I set tsc=unstable as a kernel parameter to disable it entirely (removing the warning), force hpet and with that done the difference between pre-suspend and post suspend is 8% in glxgears. I’ll try unigine-heaven and see if that reports any differences.

This has definitely improved the situation but it’s still rather annoying. In SkyrimSE at 4k under Wine, pre-suspend I’m pretty much locked at 60fps in most areas with occasional drops down to about 52. Post-suspend the fps is noticeably worse with 60pfs rarely reached with drops down to 42fps instead of 52fps pre-suspend.

If it helps, After suspend there are noticeable framerate dips when looking around that aren’t there on a fresh boot which makes me think it could be a vram problem. It doesn’t just happen with SkyrimSE but it’s definitely most pronounced there of the games I tried.

So with that said, it is perhaps a kwin issue. I’ll try a different desktop environment and see if I have the same problem.

You could run bandwidthTest from the cuda demos to check for that
https://docs.nvidia.com/cuda/demo-suite/index.html
Though that would only show a symptom, not the reason.
Maybe check if there’s some aspm problem by turning it off using kernel parameter pcie_aspm=off

pcie_aspm=off makes no difference. I’ve attached a screenshot of the frametimes in skyrim.

Before suspend the line is flat and the frametimes are consistent. After suspend, the line is flat if i stat looking at the same point. If i move the mouse around so that the scene being rendered is different the times spike.

edit: I could try the nouveau driver but the performance is so poor I think I’d struggle to see the difference if there was an issue.

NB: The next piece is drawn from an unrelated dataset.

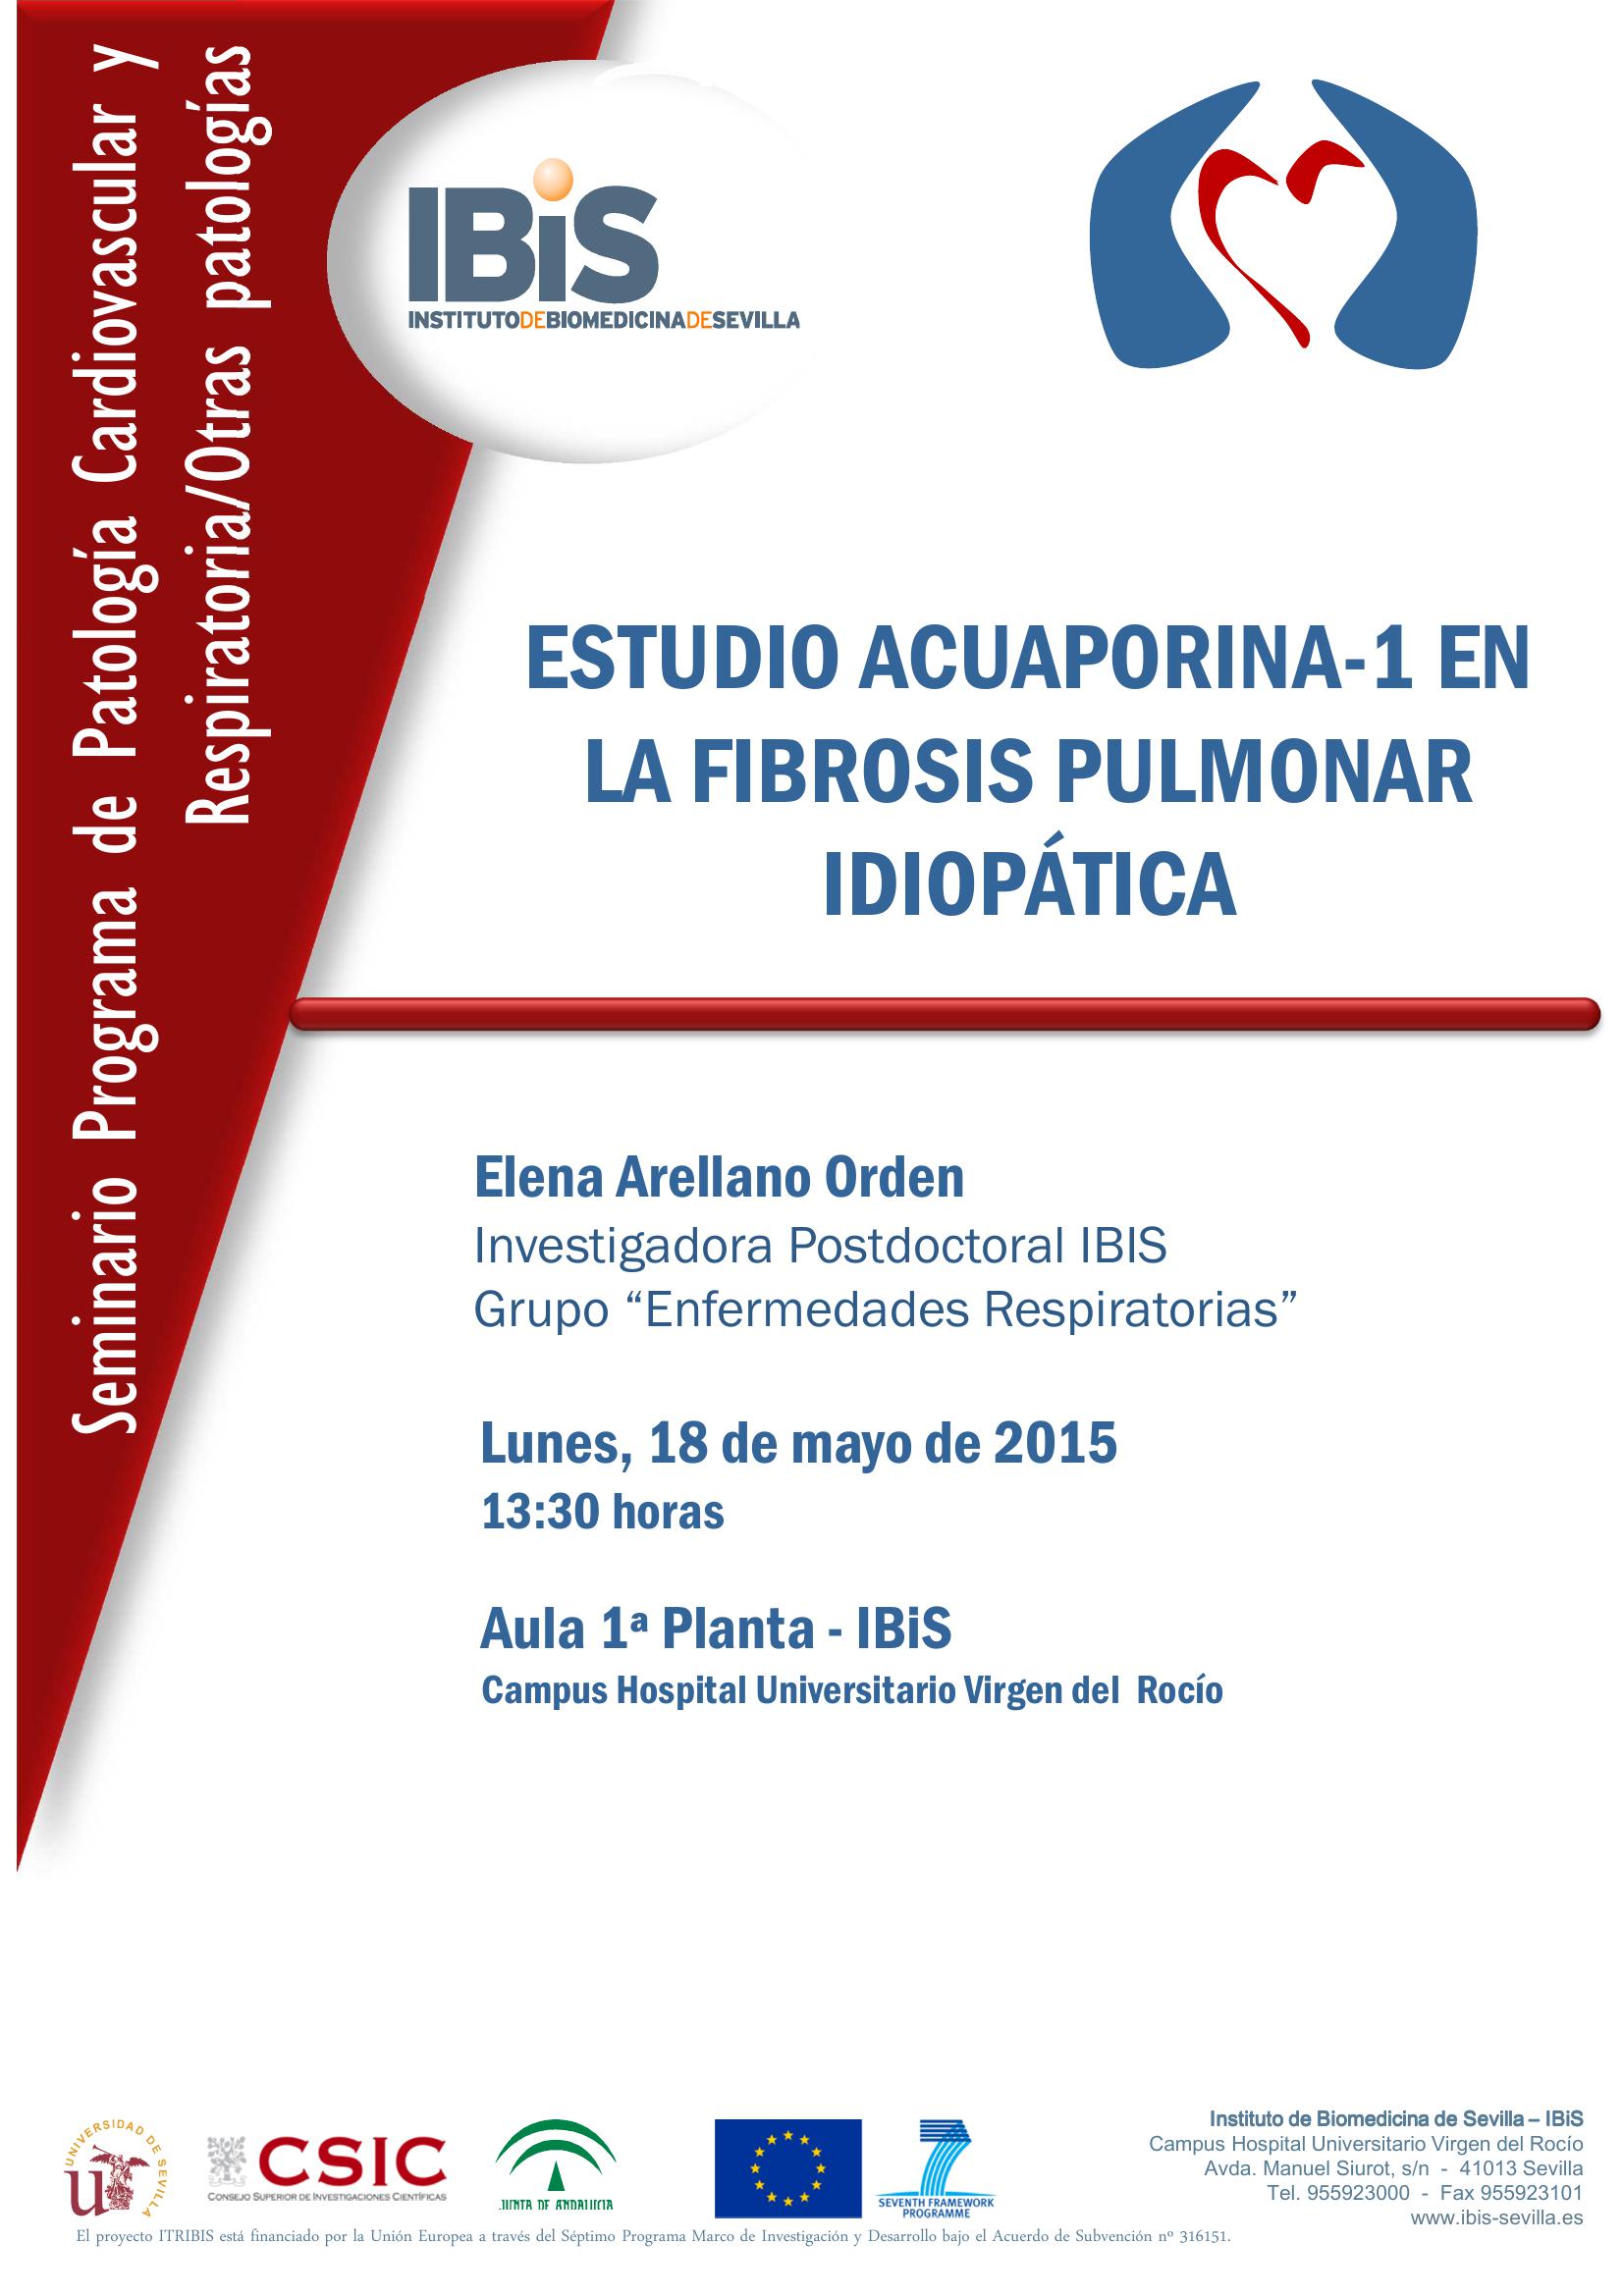 Poster: ESTUDIO ACUAPORINA-1 EN LA FIBROSIS PULMONAR IDIOPÁTICA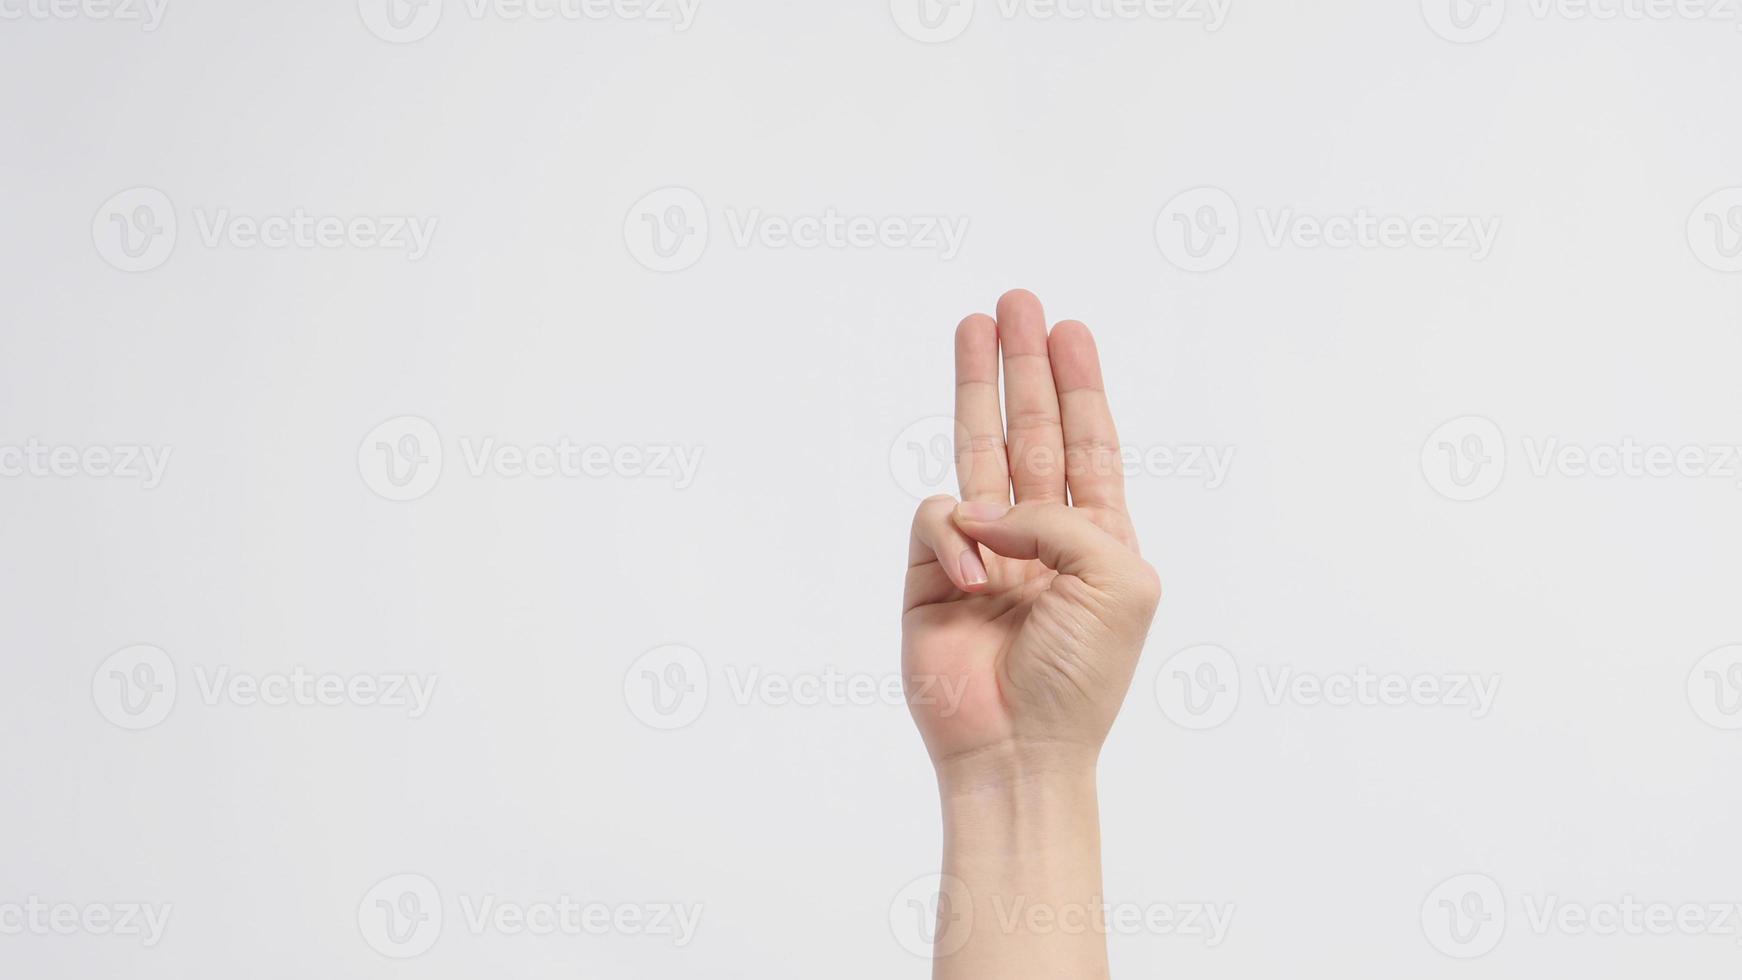 um sinal de mão de 3 dedos aponta para cima, significando três, terceiro ou use em protesto. Ele é colocado em um fundo branco. foto

bandwidthTest results (I set the performance mode for both tests in the nvidia settings gui given the notice ):

Fresh boot:

[CUDA Bandwidth Test] - Starting...
Running on...

 Device 0: GeForce GTX 980 Ti
 Quick Mode

 Host to Device Bandwidth, 1 Device(s)
 PINNED Memory Transfers
   Transfer Size (Bytes)        Bandwidth(MB/s)
   33554432                     12802.1

 Device to Host Bandwidth, 1 Device(s)
 PINNED Memory Transfers
   Transfer Size (Bytes)        Bandwidth(MB/s)
   33554432                     7461.4

 Device to Device Bandwidth, 1 Device(s)
 PINNED Memory Transfers
   Transfer Size (Bytes)        Bandwidth(MB/s)
   33554432                     242920.8

Result = PASS

After suspend:

[CUDA Bandwidth Test] - Starting...
Running on...

 Device 0: GeForce GTX 980 Ti
 Quick Mode

 Host to Device Bandwidth, 1 Device(s)
 PINNED Memory Transfers
   Transfer Size (Bytes)        Bandwidth(MB/s)
   33554432                     12800.3

 Device to Host Bandwidth, 1 Device(s)
 PINNED Memory Transfers
   Transfer Size (Bytes)        Bandwidth(MB/s)
   33554432                     7508.8

 Device to Device Bandwidth, 1 Device(s)
 PINNED Memory Transfers
   Transfer Size (Bytes)        Bandwidth(MB/s)
   33554432                     242856.3

Result = PASS

NOTE: The CUDA Samples are not meant for performance measurements. Results may vary when GPU Boost is enabled.

No real differences there unfortunately.